Aguilar: Learning from Himamaylan’s food basket

Aguilar: Learning from Himamaylan’s food basket

AS A freelance consultant in local governance and organizational development over the last 10 years I must have already engaged with over 200 cities and municipalities in the Philippines providing capacity development training that were tailor-fitted to their needs.

One of my methods in teaching local government units (LGUs) is to share best practices of some local government leaders who introduced innovations that made a great impact in their locality. Allow me then to share one of the success stories in local governance that I personally witnessed.

I had a short consultancy stint with Himamaylan City during the pandemic and while I was engaging with the said LGU I saw one best practice that the local mayor there successfully put in place –- The Himamaylan Food Basket. I would say it was the first ever 100% LGU-funded and run food basket in the Philippines and is worth replicating in all LGUs even after the pandemic.

What started as just an auxiliary feeding program for Day Care pupils developed into a comprehensive food sufficiency program for the whole city as a response to hunger felt at the height of the Enhanced Community Quarantine (ECQ).

It started when Mayor Raymund Tongson built a community kitchen. But after realizing that the said kitchen was only enough to feed the frontliners but not large enough to feed the poorest of the poor, he conceptualized the Himamaylan Food Basket to fill in the huge gap of food insufficiency.

With the funding from both the City Agriculture’s Office and the City Mayor’s Office, the Himamaylan Food Basket was made into three strands; the Demo Farm, the Agro-food Production Hub, and the Barangay-based Gardening Program.

The 1.4 hectare Demo Farm was able to sustain the weekly need of the Community Kitchen in providing food for all frontliners including indigent PWDs, and marginalized senior citizens.

The 17-hectare Tree Park run by the city which was idle for the longest time was converted into an agro-food production hub and was cultivated to augment food insufficiency. True to its intended purpose, the Tree Park became the main food supplier of the city-run Community Kitchen as well as for LGU-initiated relief operations that provided food to the poorest of the poor.

A barangay-based community garden program was also launched. It was a program where idle lands in the barangays were cultivated. The City Agriculture provided for the seeds and technical services to whoever wanted to cultivate their own idle lands. All harvested products went to those who till the land.

More than the quick fill on the stomach and food rations at home, the Himamaylan Food Basket has brought out a new energized community. It ignited a morale boost for the whole city that was once beset by backwardness and passivity.

On the first two years of launching the program, Himamaylan Food Basket was successful in providing supplementary rations twice a week to over 15,000 indigents especially at the height of the Covid-19 pandemic.

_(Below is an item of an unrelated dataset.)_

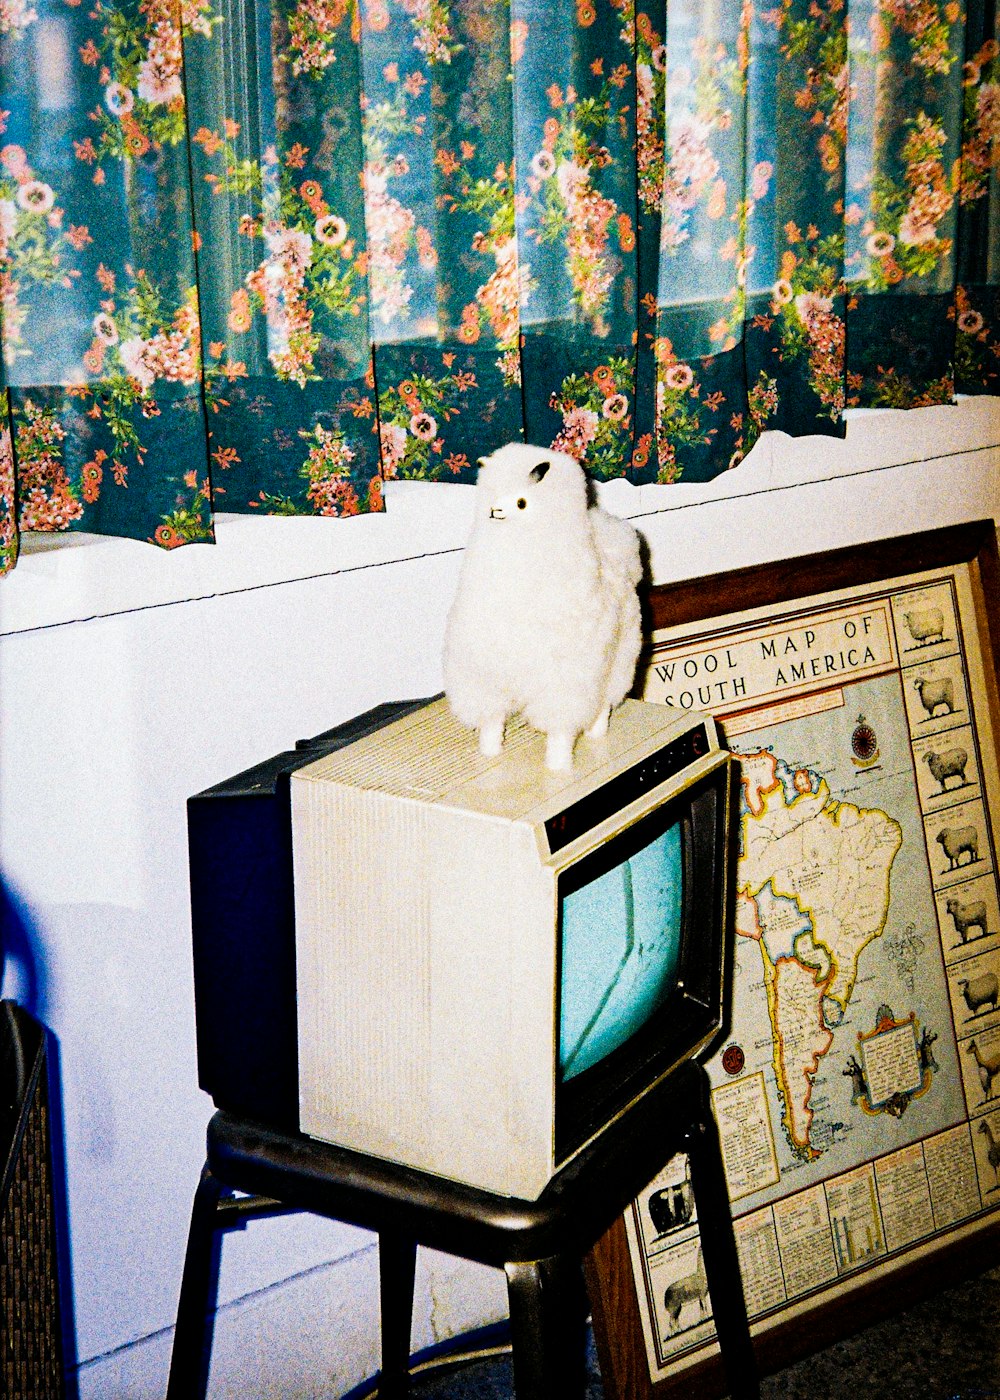 CRT TV 위에 흰 올빼미

Aside from the marginalized sectors, the beneficiaries of the supplementary rations from the Himamaylan Food Basket included national agencies such as the Philippine National Police, the Bureau of Jail Management and Penology and other frontline agencies locating in the city. The strong support of the LGU to these frontline service providers has created a strong collective spirit of cooperation in working together for the Himamaylanons and has established a renewed confidence to the local government.

Himamaylan Food Basket has made the city resilient in the adverse effect of the pandemic and has ignited confidence among the public in rising above the situation and forging a more vibrant city for a better Himamaylan.

Indeed, an ounce of creativity and innovation can make a great impact. I could only hope that our newly elected officials in the different LGUs all over the Philippines can see that if they know how to use the powers vested in them by the people just like how Mayor Raymund Tongson did in Himamaylan, then they too can alter the course of history in their localities and change the lives of their constituents for the better.